List All Files in a Folder Sitting in a Data Lake

Question

I'm trying to get an inventory of all files in a folder, which has a few sub-folders, all of which sit in a data lake. Here is the code that I'm testing.

import sys, os
import pandas as pd

mylist = []
root = "/mnt/rawdata/parent/"
path = os.path.join(root, "targetdirectory") 

for path, subdirs, files in os.walk(path):
    for name in files:
        mylist.append(os.path.join(path, name))


df = pd.DataFrame(mylist)
print(df)

I also tried the sample code from this link:

Python list directory, subdirectory, and files

I'm working in Azure Databricks. I'm open to using Scala to do the job. So far, nothing has worked for me. Each time, I keep getting an empty dataframe. I believe this is pretty close, but I must be missing something small. Thoughts?

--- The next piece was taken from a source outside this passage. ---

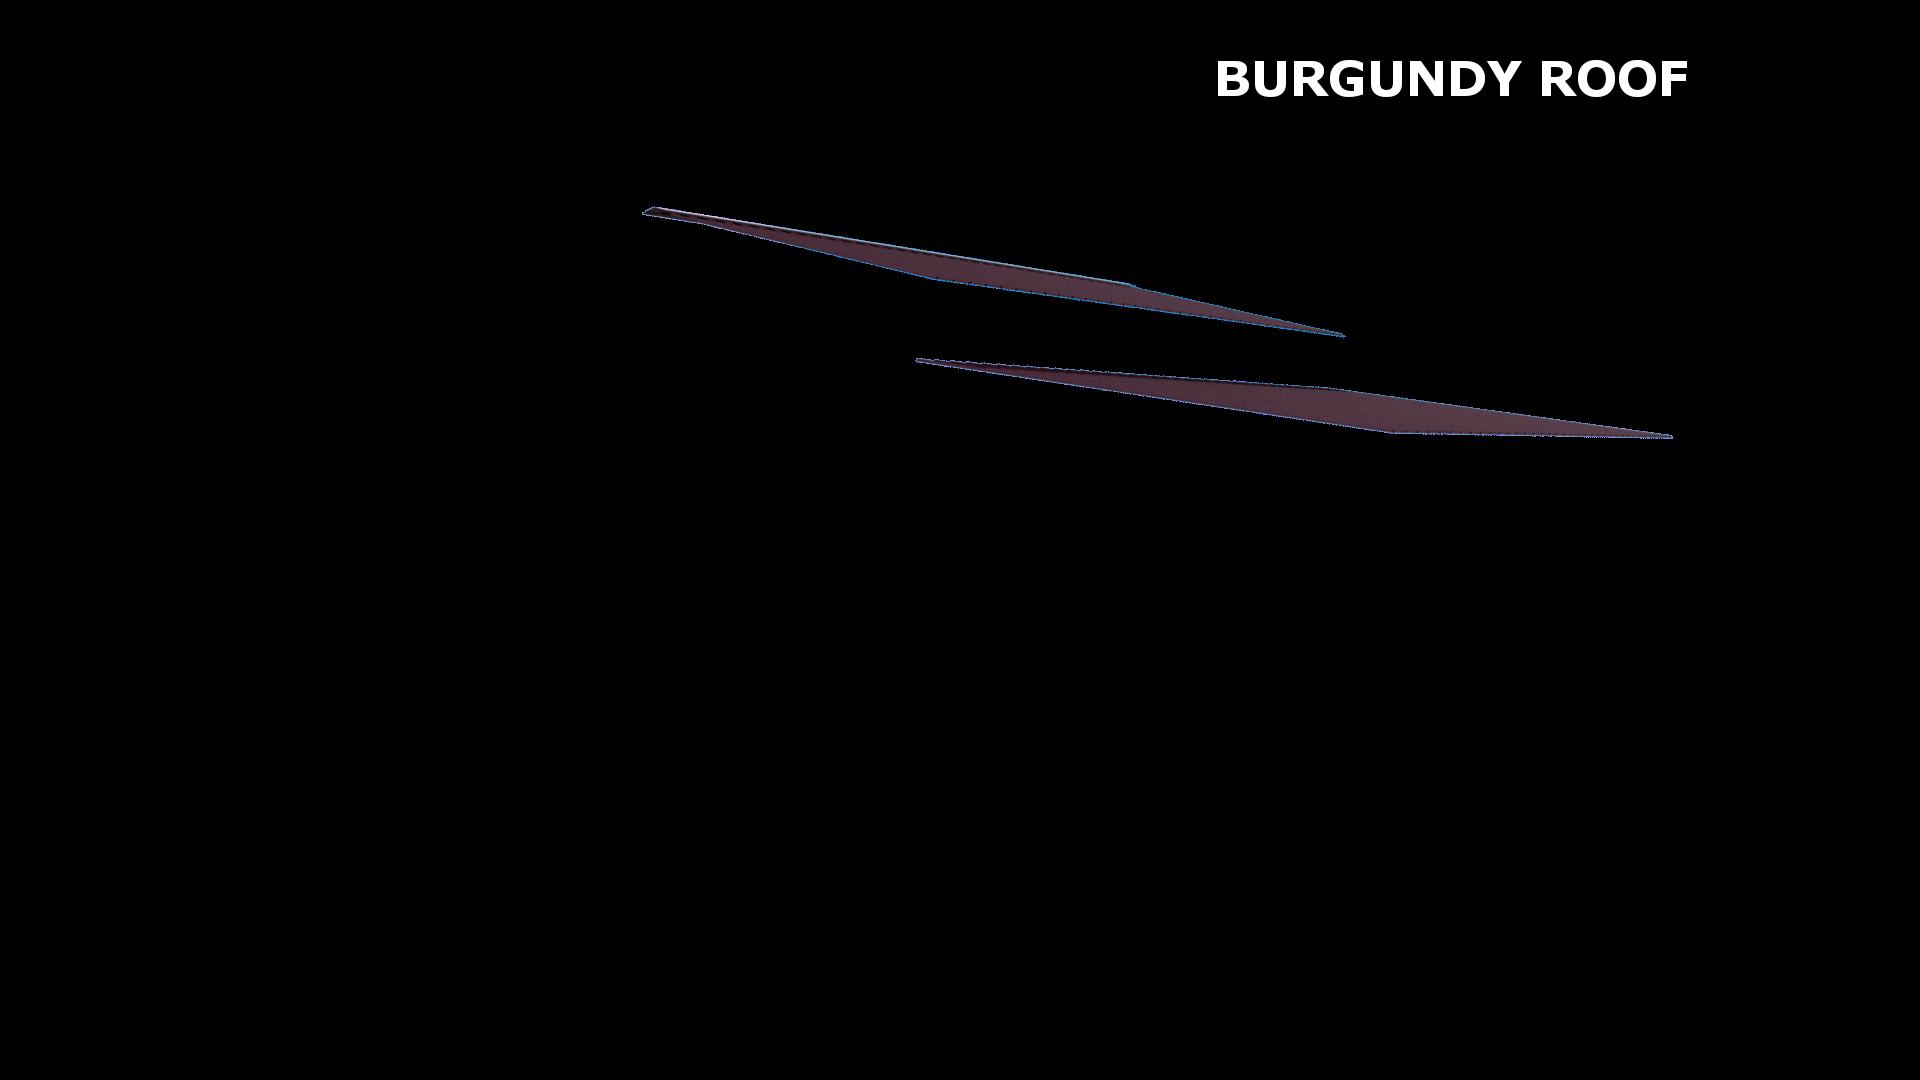 BURGUNDY ROOF

maybe first check if this folder really exists in system. Maybe it is not folder but file. `os.path.exists(path)`, `os.path.isfile(path)`, `os.path.isdir(path)` — furas, Nov 07 '19 at 15:03
or maybe system mount it only when it need it and it doesn't know that you need it.? Or maybe it reads it from database? — furas, Nov 07 '19 at 15:06
I tried your suggestions. I'm getting the same thing...an empty dataframe. This is so bizarre. This code, or a very similar version of it, worked fine last week. Something changed, but I'm not sure what. — ASH, Nov 07 '19 at 15:09
first use any other program to check if folder exists, if it has the same name and if there are files. Maybe it is empty or it changed name. — furas, Nov 07 '19 at 15:25
THe data exists. I can see everything in Storage Explorer. I can load data from the lake into tables using Databricks. I just can't get the file listed out...for some odd reason... — ASH, Nov 07 '19 at 16:53
maybe Storage Explorer doesn't show files on disk but items in database? The same can be with Databricks. Maybe it reads from different storage than disk. — furas, Nov 07 '19 at 17:06
updated my answer: the reference to the databricks filesystem is missing, you need this if you are using the local APIs — Hauke Mallow, Nov 08 '19 at 07:27
with gen2 + you can use Python API to trawl your whole FS with a simple recursive call, but with 6.0 on a gen1 you have to use dbutils! was a massive headache on a project I was working on, had to create some lengthy functions to get around it. — Umar.H, Jan 10 '20 at 10:51

Hauke Mallow · Answer 1 · 2020-07-03T15:55:03.017

20

Databricks File System (DBFS) is a distributed file system mounted into an Azure Databricks workspace and available on Azure Databricks clusters. If you are using local file API you have to reference the Databricks filesystem. Azure Databricks configures each cluster node with a FUSE mount /dbfs that allows processes running on cluster nodes to read and write to the underlying distributed storage layer with local file APIs (see also the documentation).

So in the path /dbfs: has to be included:

root = "/dbfs/mnt/rawdata/parent/"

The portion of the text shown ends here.